**What is required**
The whole listing needs to be written out exactly, except for any images.

**Exercise data**
+===+

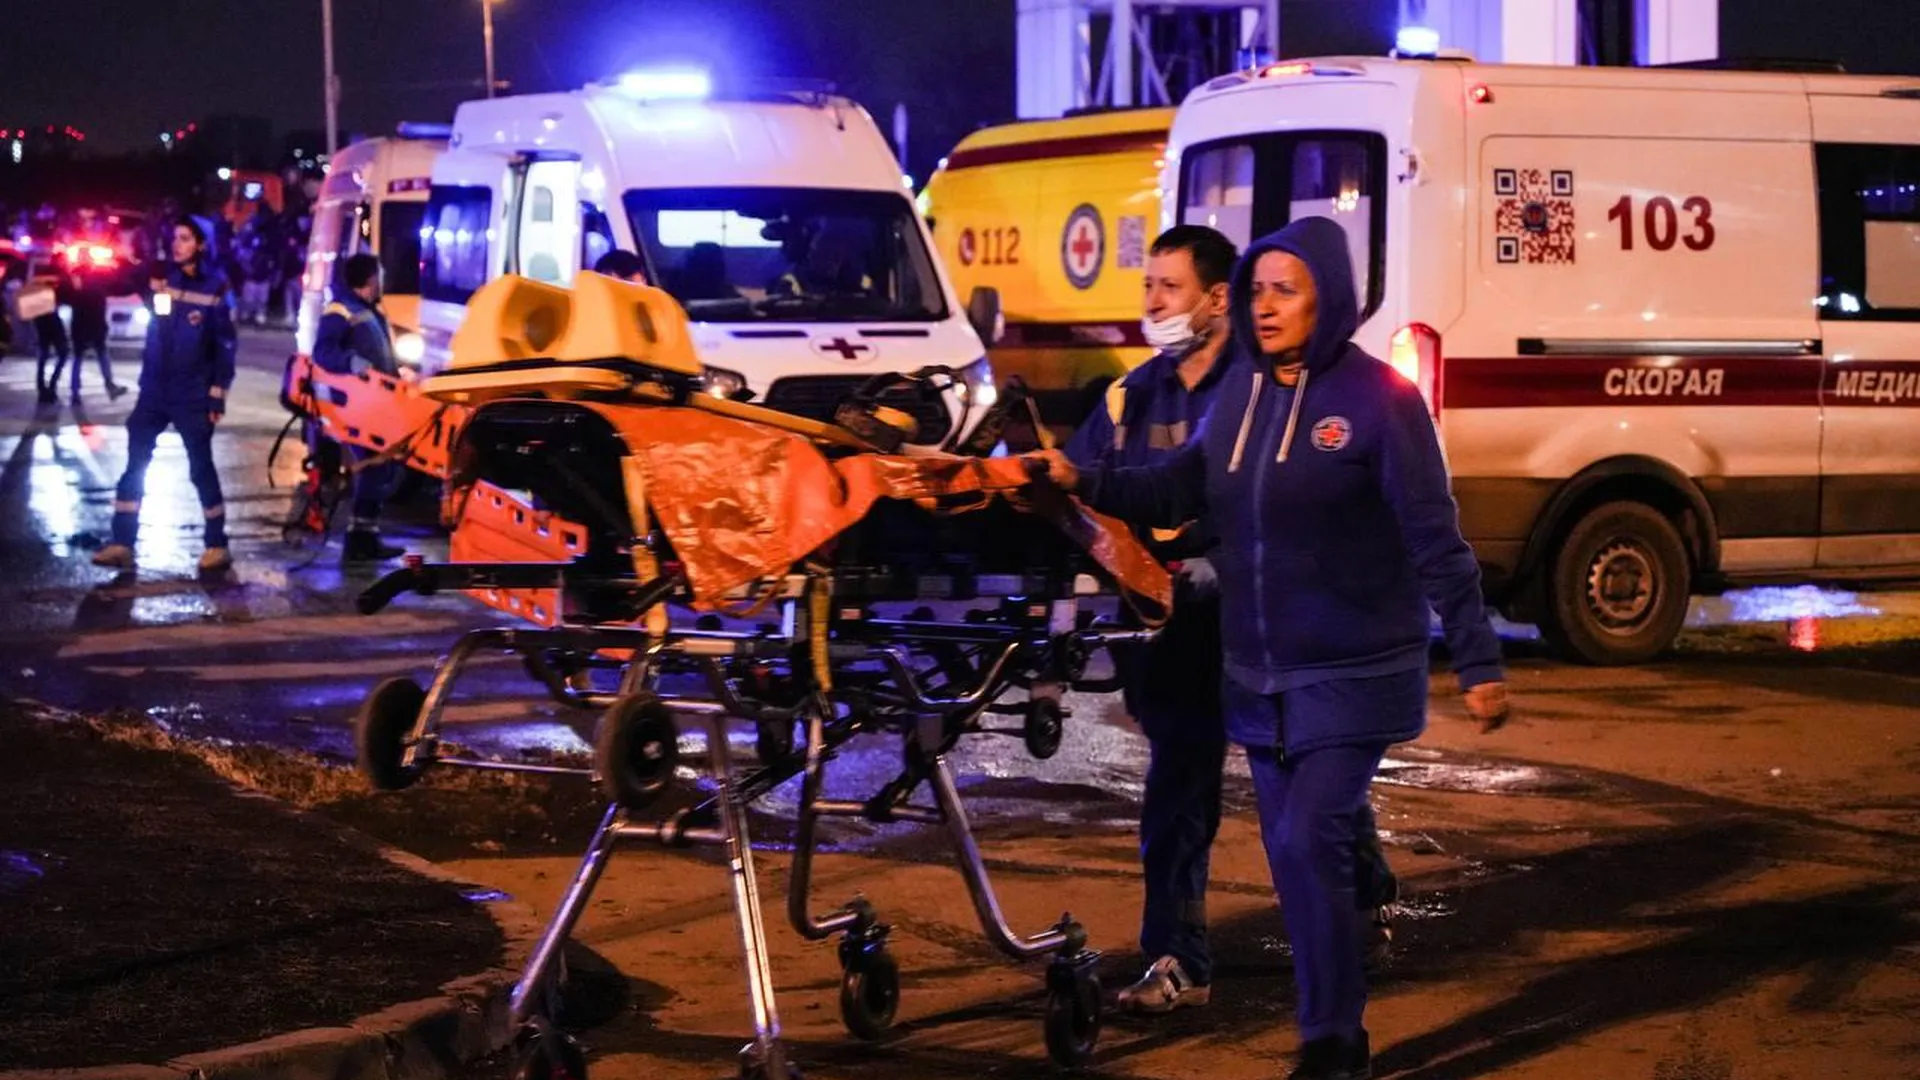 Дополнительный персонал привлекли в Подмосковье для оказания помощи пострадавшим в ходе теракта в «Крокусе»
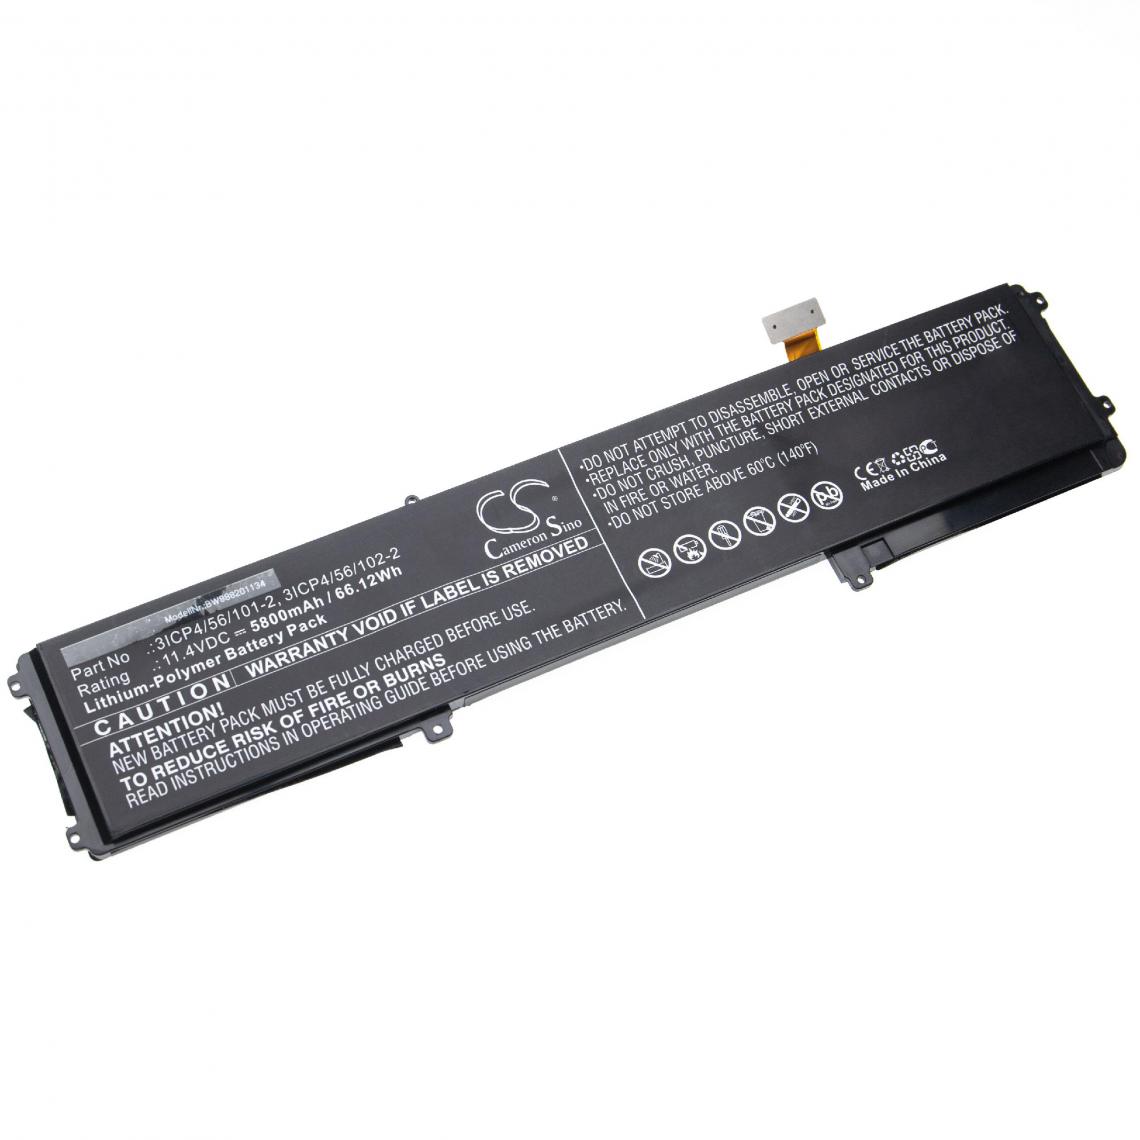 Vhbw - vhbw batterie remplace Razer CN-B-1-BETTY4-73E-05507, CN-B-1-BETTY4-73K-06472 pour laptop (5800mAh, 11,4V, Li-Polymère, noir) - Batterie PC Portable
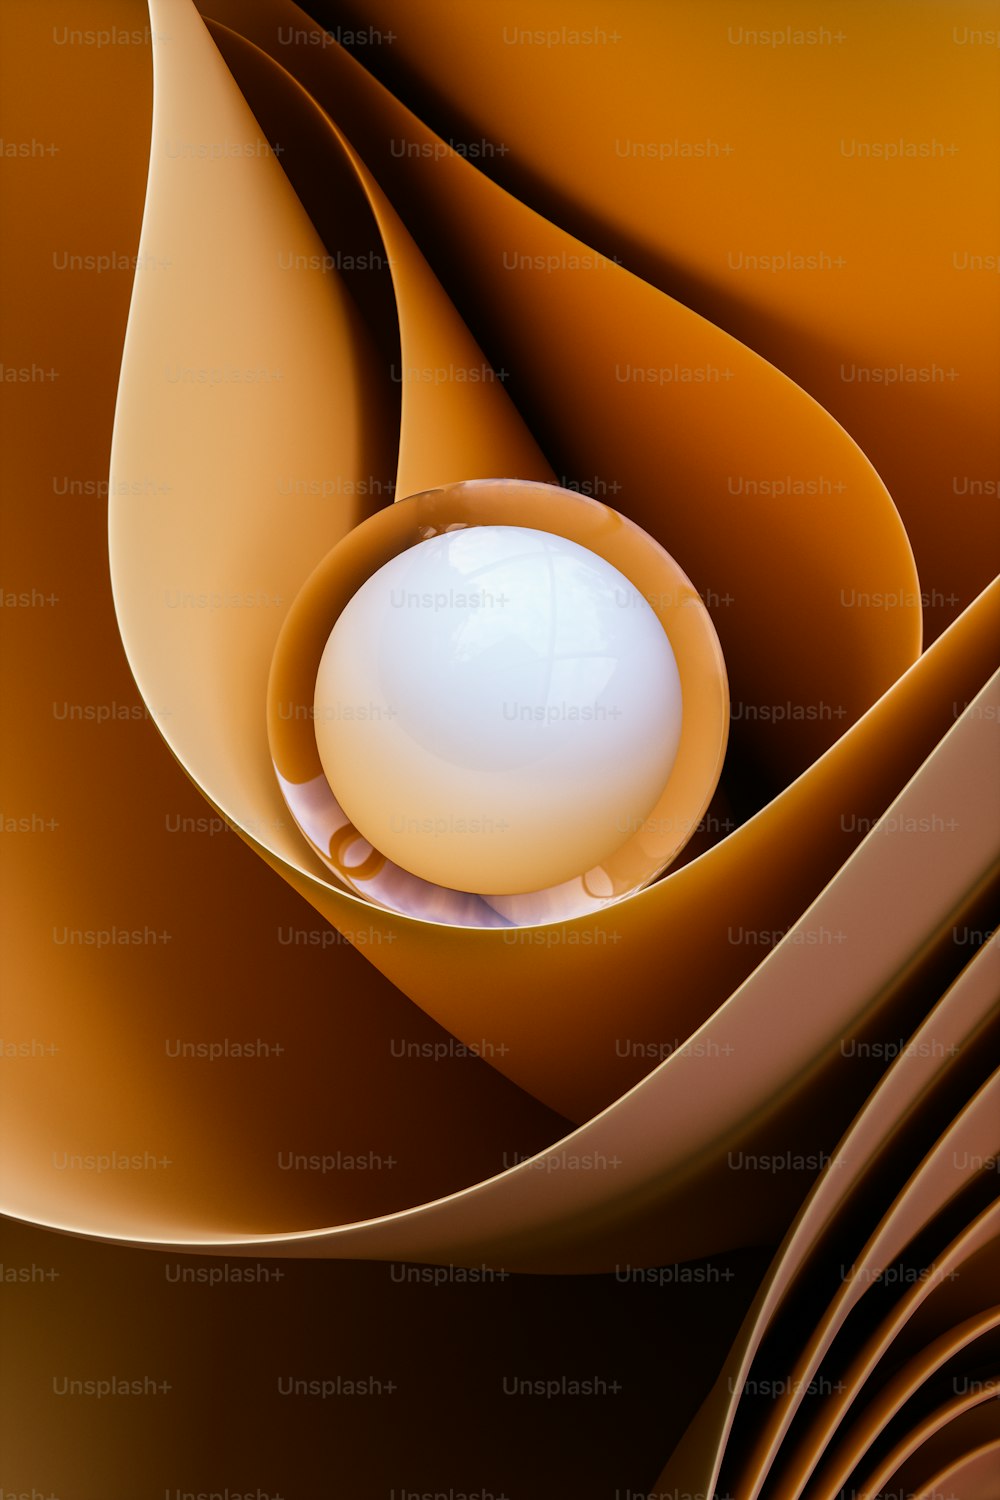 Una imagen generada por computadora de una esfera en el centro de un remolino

+===+

**Answer to the exercise**
 Дополнительный персонал привлекли в Подмосковье для оказания помощи пострадавшим в ходе теракта в «Крокусе»
 Vhbw - vhbw batterie remplace Razer CN-B-1-BETTY4-73E-05507, CN-B-1-BETTY4-73K-06472 pour laptop (5800mAh, 11,4V, Li-Polymère, noir) - Batterie PC Portable
 Una imagen generada por computadora de una esfera en el centro de un remolino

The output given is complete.